While Cantrell would have a more prominent vocal presence on later albums, his background harmonizing on Facelift was a rare thing at the time and also complemented Staley’s timbre perfectly. The chorus in “Man In The Box” and verses in “It Ain’t Like That” wouldn’t be nearly as memorable without that critical element. It also illustrated that this new breed of heavy metal could write catchy songs without sacrificing the “heavy” part. “Man In The Box” also played a vital role in the band’s success; it wasn’t until after the song’s video got heavy rotation on MTV that Facelift album sales took off.

Then there is Staley himself, whose distinctive voice (not unlike that of Stevie Nicks and Axl Rose) was a turnoff for some but had the uncanny ability to weave itself into the body of each song. The Skid Row swagger of “Put You Down” morphs effortlessly into a moaning croon on “Confusion”, and countless copycats have since followed.

Kinney and Starr lend more credence to the Sabbath comparison with a mammoth rhythm performance, anchoring each song so as to allow Staley and Cantrell to spread their wings. That’s not to say they didn’t have their own moments to shine; check out Starr’s bass runs during the solo in “Man In The Box”, heavy as fuck riffing on “Real Thing” or the subtle fills Kinney pulls off throughout “Sea Of Sorrow” (made all the more impressive after finding out he was nursing a broken hand during the recording sessions!).
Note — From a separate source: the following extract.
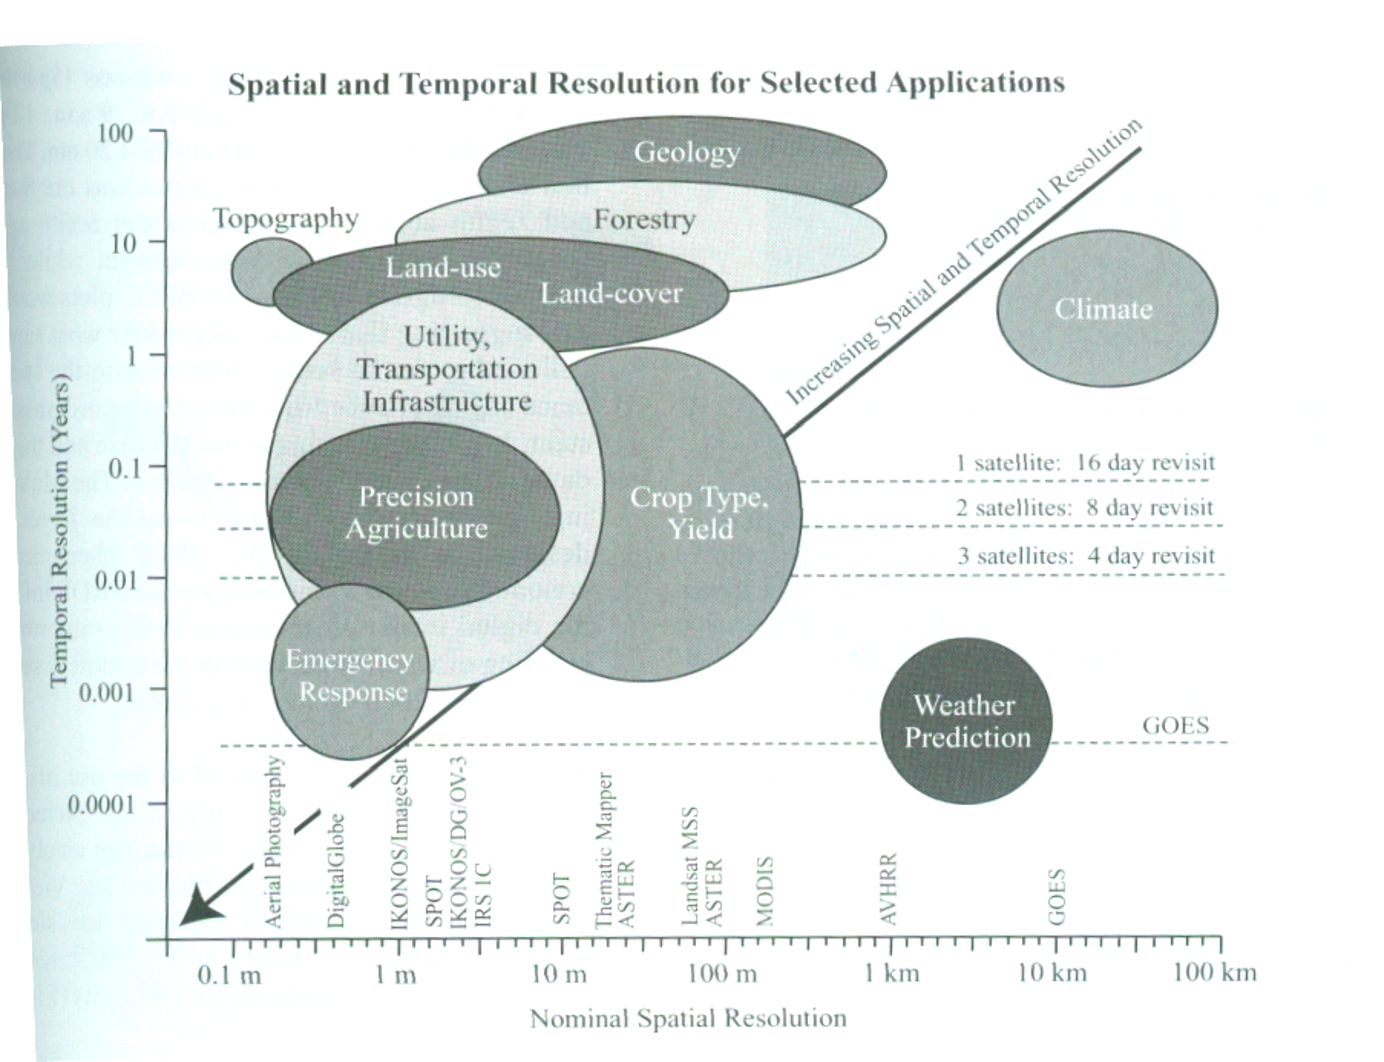 How different temporal and spatial resolutions common in earth observation relate to geospatial applications they can be used on (Source: [Jensen (2007)](https://www.pearson.com/us/higher-education/program/Jensen-Remote-Sensing-of-the-Environment-An-Earth-Resource-Perspective-2nd-Edition/PGM200207.html))
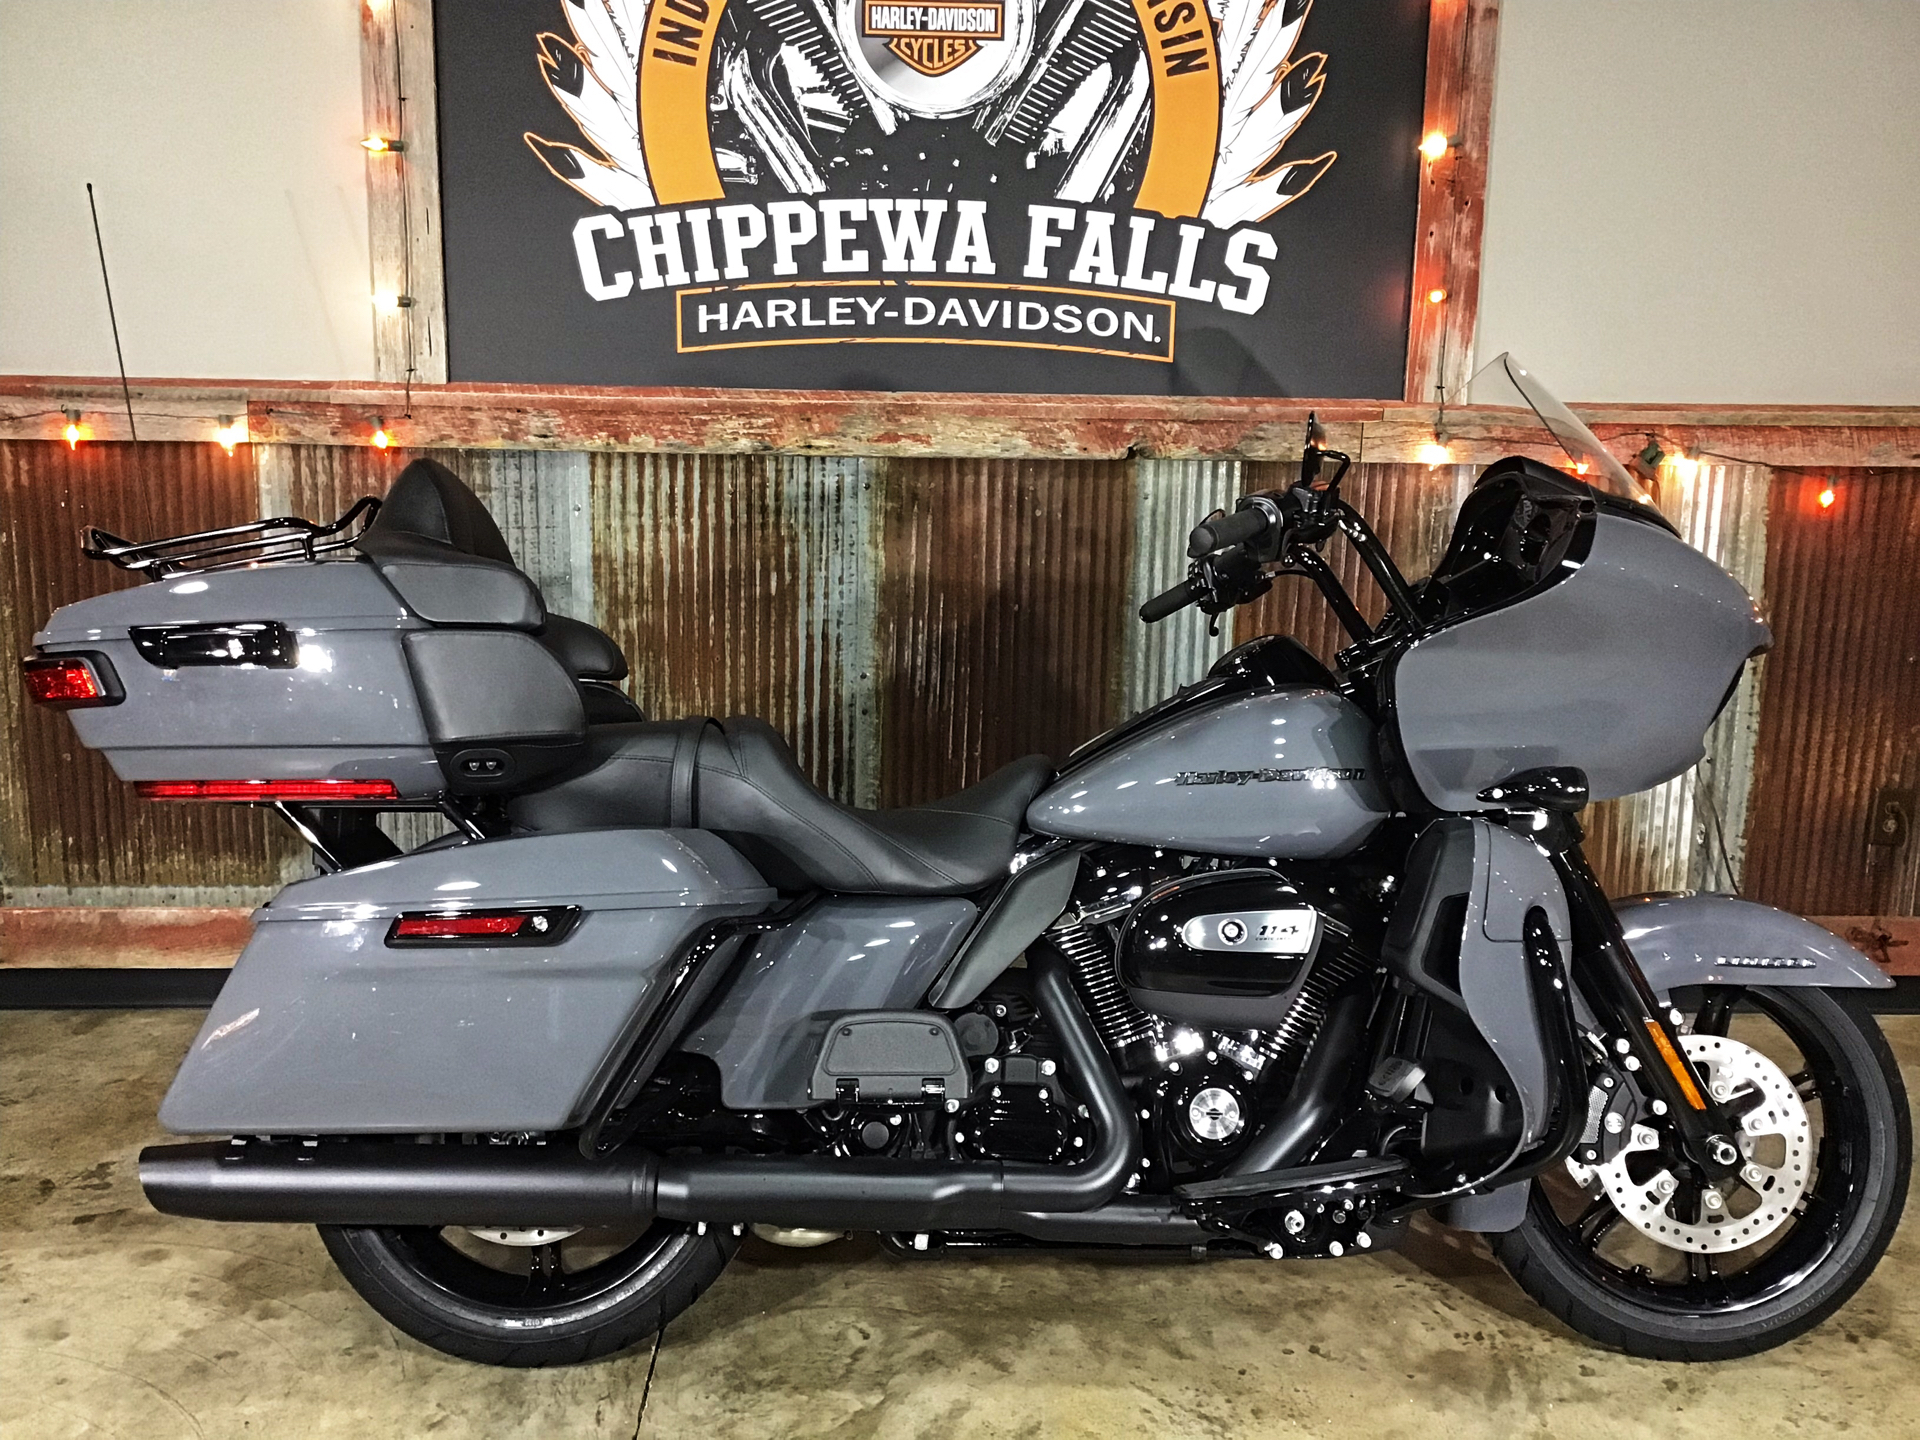 2022 Harley-Davidson Road Glide® Limited in Chippewa Falls, Wisconsin - Photo 1

It’s very odd to think of Facelift as classic rock, but at 25 years that’s exactly what it is. The band would build on its foundation and become genuine rock stars on their next album, the iconic (and slightly superior) Dirt. Younger fans that have grown up around several decades of genre mashups and a new cycle of metal popularity might have trouble understanding why they were regularly booed off the stage opening the Clash Of The Titans tour; didn’t Slayer just wrap up a festival with, um, The Devil Wears Prada? Not only have the attitudes changed, but so has the dichotomy. In 2015, Alice In Chains is the only band from that Titans tour still making inspired, excellent music.